November 13 - 19

November 14 - James and I return with the last bit of rebar and also start stuffing the foam in the rebar. This turns out not to be too hard, but not exactly easy. We spend almost the entire day on this task, tiptoeing through the rebar cages, scraping hands on the wire ties - the usual drill working around rebar.


November 15 - We stay overnight and work through Monday as well.  James spends another thankless day in the rebar adjusting where the conduit all comes up. This requires sawing the conduit down in the cages and gluing elbows to angle it to a new place. As luck would have it, the biggest cluster of all comes up right where one of the roof trusses will sit, giving James fits. I  spend the better part of the day assembling 1/3 of the photovoltaic system. This will charge the batteries day-in, day-out, reducing our use of the generator and the associated gas to fuel it. Given the weight and awkward size of most of the components, this really should have been a two-man job, but I did manage to complete the task without breaking anything and without getting hurt.  All that's left at this point is to wire the panels to the inverter, which needs a component to be installed to properly control the charging behavior. That will have to wait a few days.

Lonnie and his crew arrived late on the 14th and get to work early on the 15th doing some final prep on the forms. By the end of the day they start on leveling the ground in preparation for the slab. These guys start working at about 7AM, break for breakfast at 10, which Lonnie cooks for the whole crew. They're back at work until lunch at 2PM, and then back to work until dark. That is one hardworking crew - all Mexican nationals that Lonnie communicates with in Spanish.

November 18 - This is the big day. James gets to have all the fun this time. The concrete pumper arrives from Albuquerque around 8:30, while the concrete, which only has to come from Cuba is an hour late, arriving around 10.

For those of you who have never seen a concrete pumper, you just haven't lived. With the 4-link boom, the pour was completed without moving the truck.
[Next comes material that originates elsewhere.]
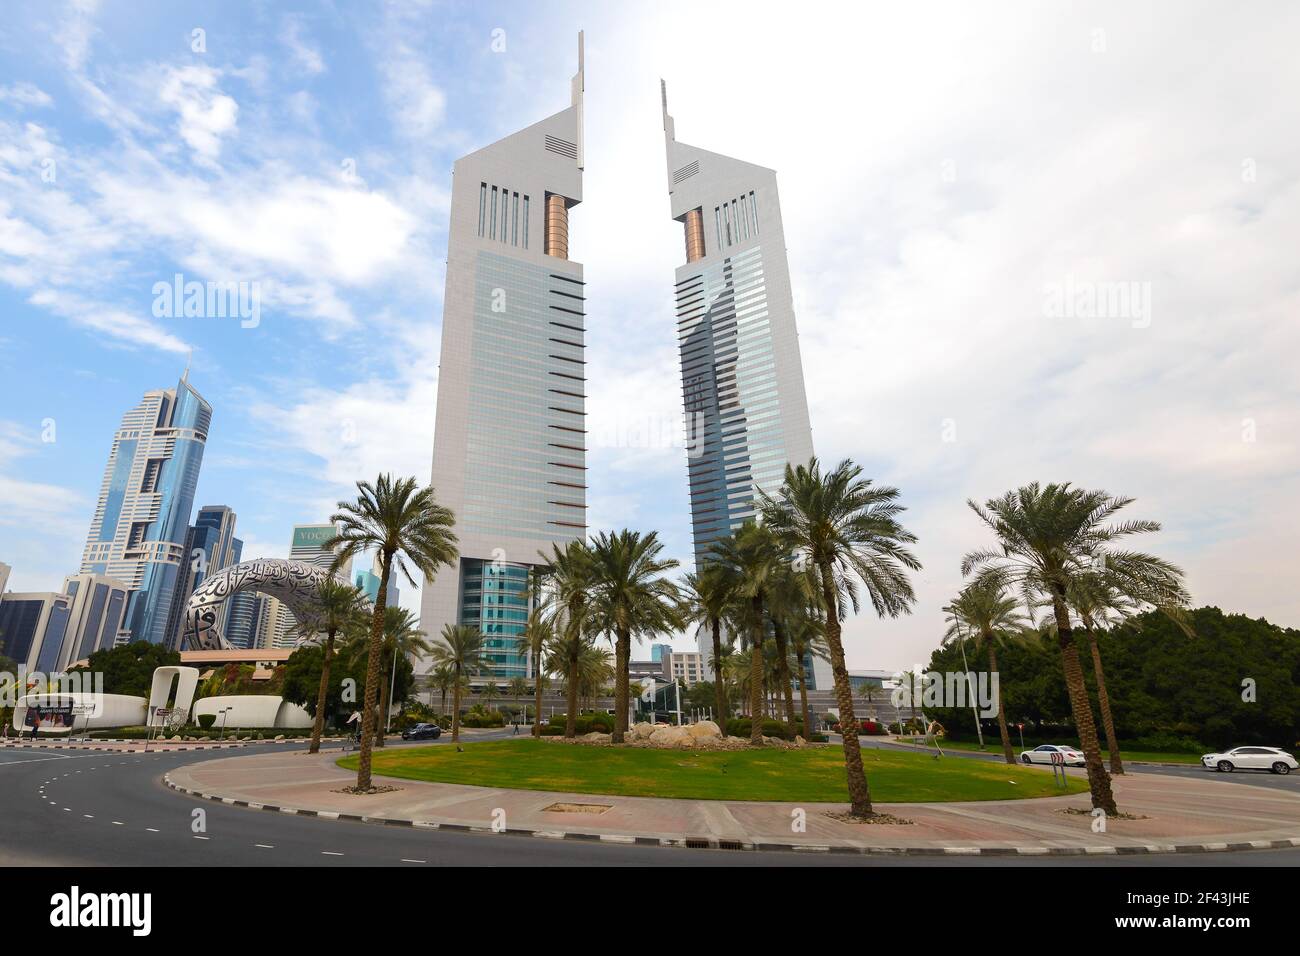 El edificio Emirates Towers, que consta de la torre Emirates Office Tower y el Jumeirah Emirates Towers Hotel en el distrito financiero de Dubai. Foto de stock

The boom operator has a wireless remote which allows him to work from a spot where he has good visibility.
The pour starts with one guy guiding the hose. The next one in line spreads the concrete in the form. The third man has a large, mechanical vibrator which encourages the concrete to fill all the voids, avoiding "honeycombing" at the surface of the form.  The fourth guy starts the final shaping, and the fifth trowels the concrete. Afterwards all five come back for another round of troweling to provide a smooth finish.

Gary came up today to pick up more of his gear. He indulges James' growing interest (obsession?) with guns by bringing an AK47 for James to try out.